RECORDED INFORMATION:
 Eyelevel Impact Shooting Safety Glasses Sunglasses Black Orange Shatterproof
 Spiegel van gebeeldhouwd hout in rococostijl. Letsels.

==

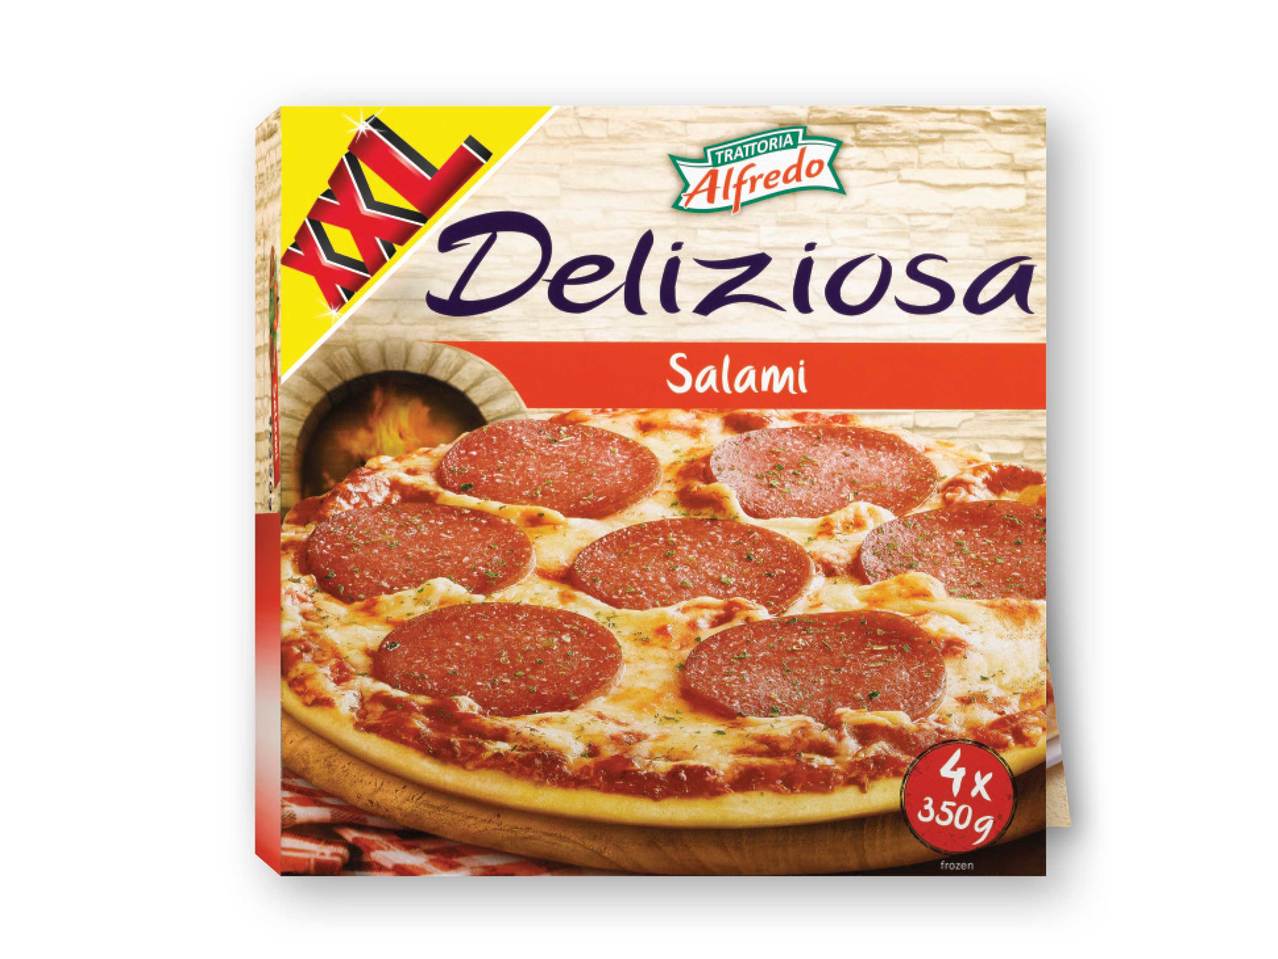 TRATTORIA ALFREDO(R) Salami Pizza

* * *

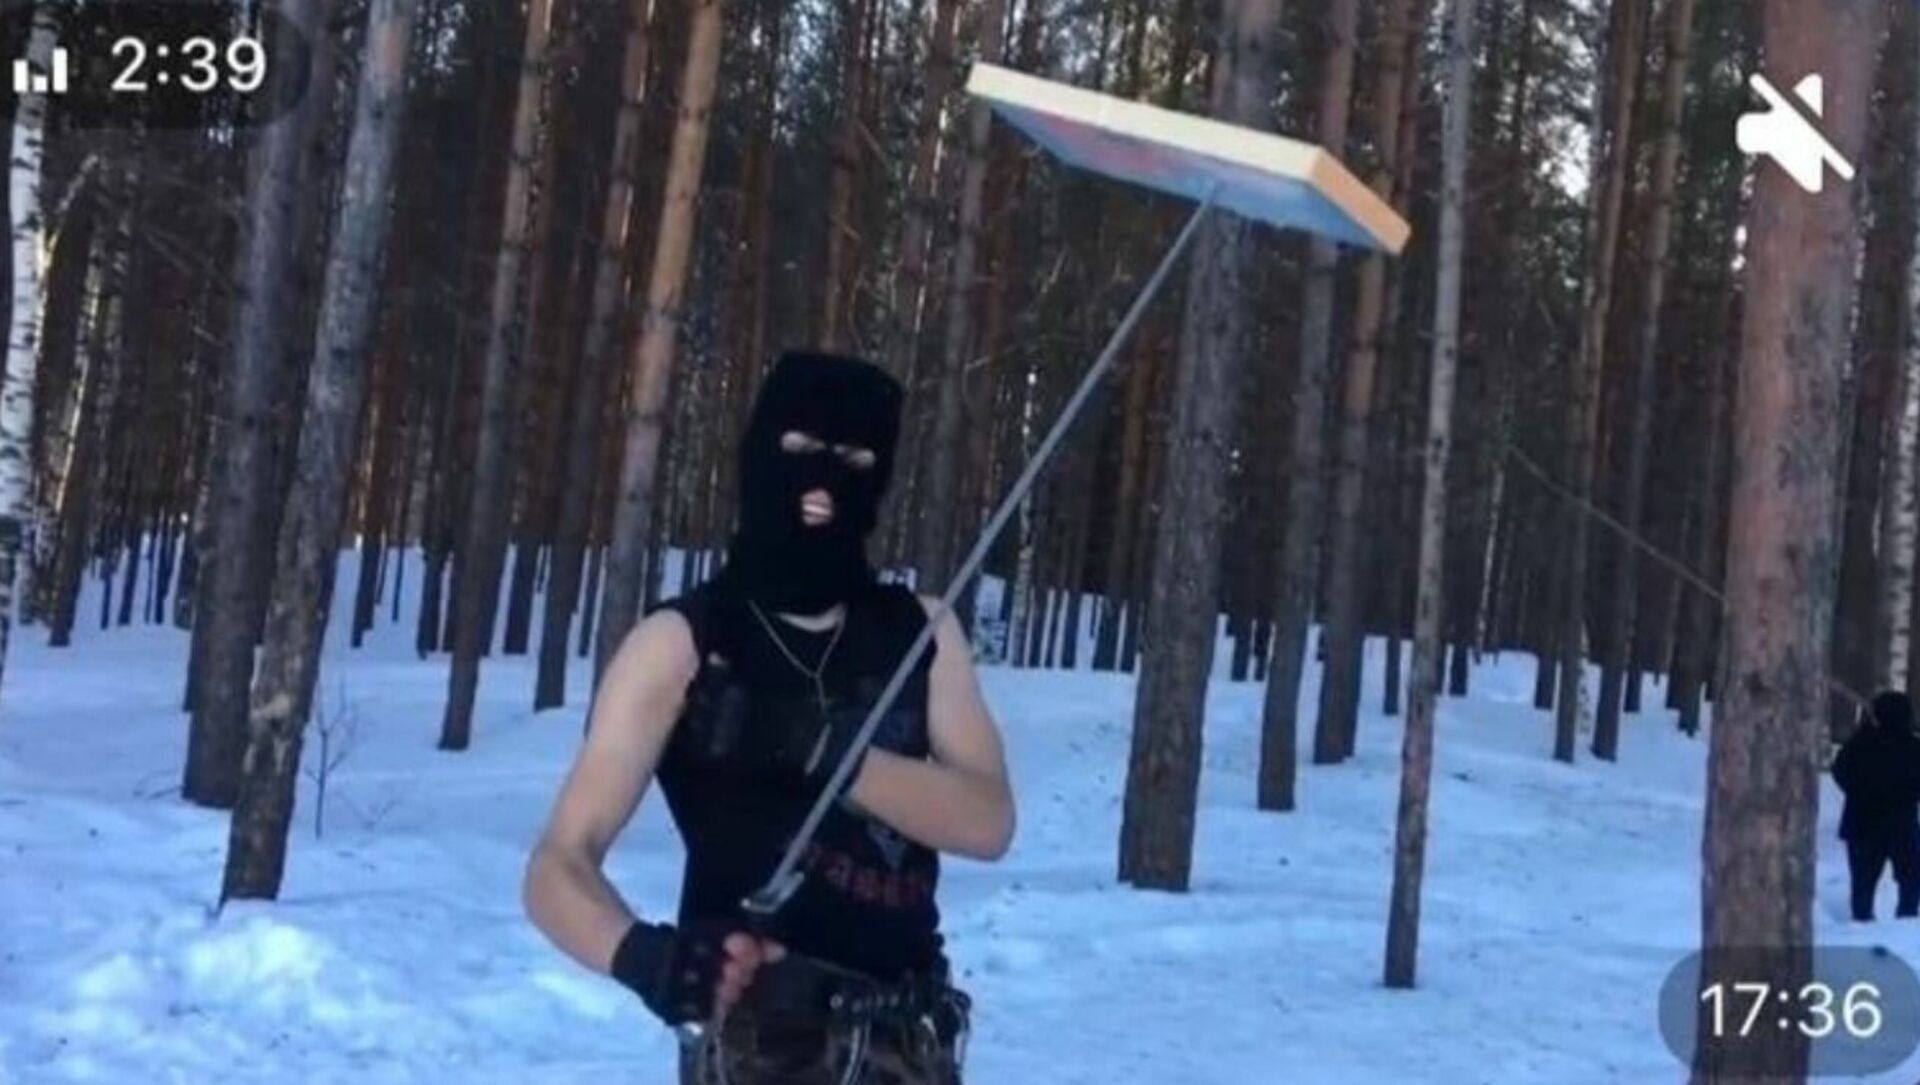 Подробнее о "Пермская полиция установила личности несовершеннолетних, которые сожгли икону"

EXERCISE REQUIREMENTS:
Word for word, restate the lines of the data above that fall between the line holding "Eyelevel Impact Shooting" and the line holding "Spiegel van gebeeldhouwd", inclusive, and no other lines.

SOLUTION:
 Eyelevel Impact Shooting Safety Glasses Sunglasses Black Orange Shatterproof
 Spiegel van gebeeldhouwd hout in rococostijl. Letsels.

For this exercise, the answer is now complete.